- League: South Atlantic League
- Sport: Baseball
- Duration: April 19 – July 4
- Number of games: 70
- Number of teams: 6

Regular season
- League champions: Charleston Sea Gulls

Playoffs
- League champions: Columbia Comers
- Runners-up: Charleston Sea Gulls

SAL seasons
- ← 19161919 →

= 1917 South Atlantic League season =

The 1917 South Atlantic League was a Class C baseball season played between April 19 and July 4. Six teams played a 70-game schedule, with the top team in each half of the season qualifying for the playoffs.

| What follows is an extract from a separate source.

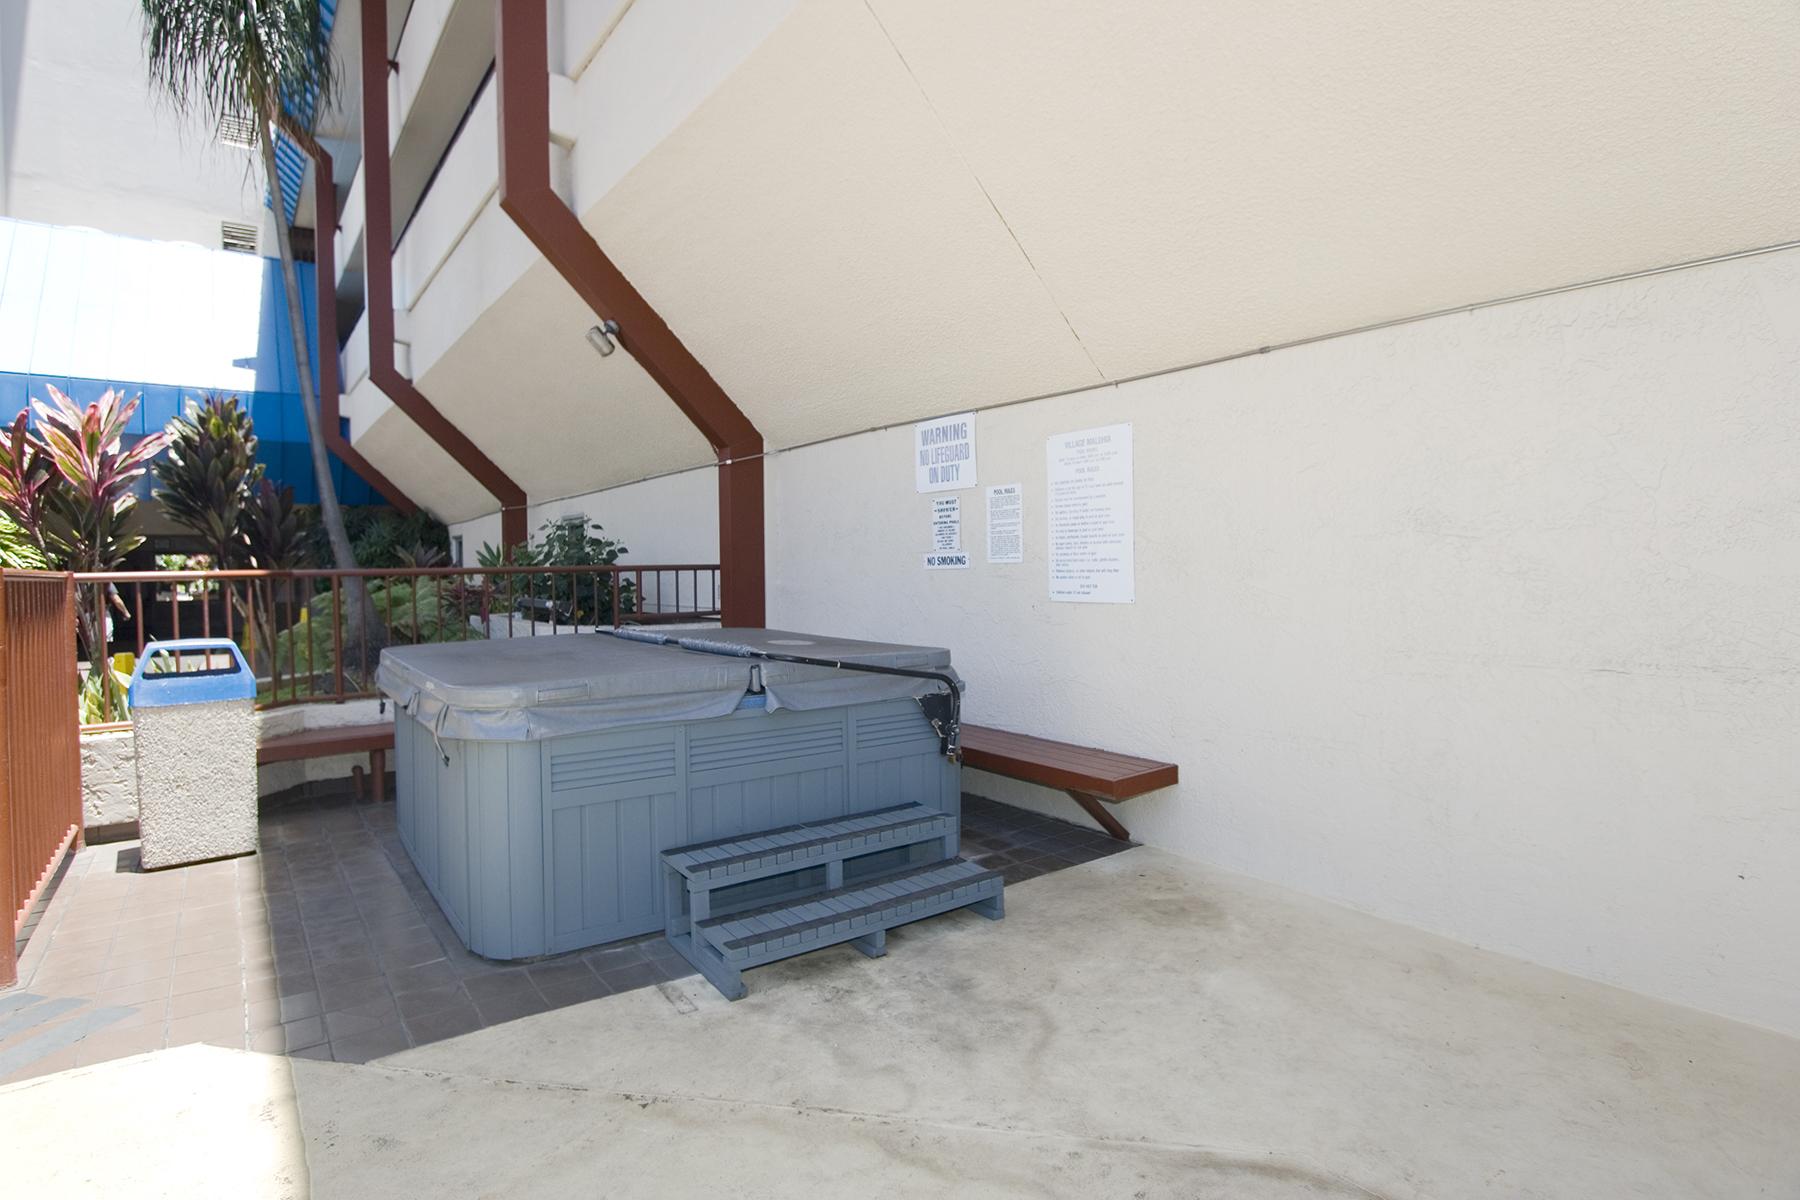 Jacuzzi / Hot Tub at 1535 Pensacola St #711, Honolulu, HI 96822

The Columbia Comers won the South Atlantic League championship, as they defeated the Charleston Sea Gulls in the playoffs.

==Team changes==
- The Jacksonville Tarpons are renamed to the Jacksonville Roses.

==Teams==

1917 South Atlantic League
| Team | City | MLB Affiliate | Stadium |
| Augusta Tourists | Augusta, Georgia | None | Warren Park |
| Charleston Sea Gulls | Charleston, South Carolina | None | Hampton Park Field |
| Columbia Comers | Columbia, South Carolina | None | Comer Field |
| Columbus Foxes | Columbus, Georgia | None | Columbus Base Ball Grounds |
| Jacksonville Roses | Jacksonville, Florida | None | Dixieland Park |
| Macon Tigers | Macon, Georgia | None | Central City Park |

==Regular season==
===Summary===
- The Charleston Sea Gulls finish the season with the best record for the first time since 1914.
- On May 19, the Columbus Foxes and Macon Tigers disband.
- The season was shortened to July 4 with approval from the National Association.

===Standings===

South Atlantic League
| Team | Win | Loss | % | GB |
| Charleston Sea Gulls | 47 | 20 | .701 | – |
| Columbia Comers | 40 | 28 | .588 | 7½ |
| Jacksonville Roses | 33 | 35 | .485 | 14½ |
| Augusta Tourists | 27 | 41 | .397 | 20½ |
| Columbus Foxes | 8 | 19 | .296 | 27 |
| Macon Tigers | 7 | 19 | .269 | 27½ |

==League Leaders==
===Batting leaders===

| Stat | Player | Total |
|---|---|---|
| AVG | Howie Camp, Charleston Sea Gulls | .357 |
| H | Howie Camp, Charleston Sea Gulls | 105 |

===Pitching leaders===

| Stat | Player | Total |
|---|---|---|
| W | Johnny Meador, Charleston Sea Gulls | 13 |
| IP | Johnny Tillman, Macon Tigers | 185.2 |

==Playoffs==
- The Columbia Comers won their first South Atlantic League championship, defeating the Charleston Sea Gulls in six games.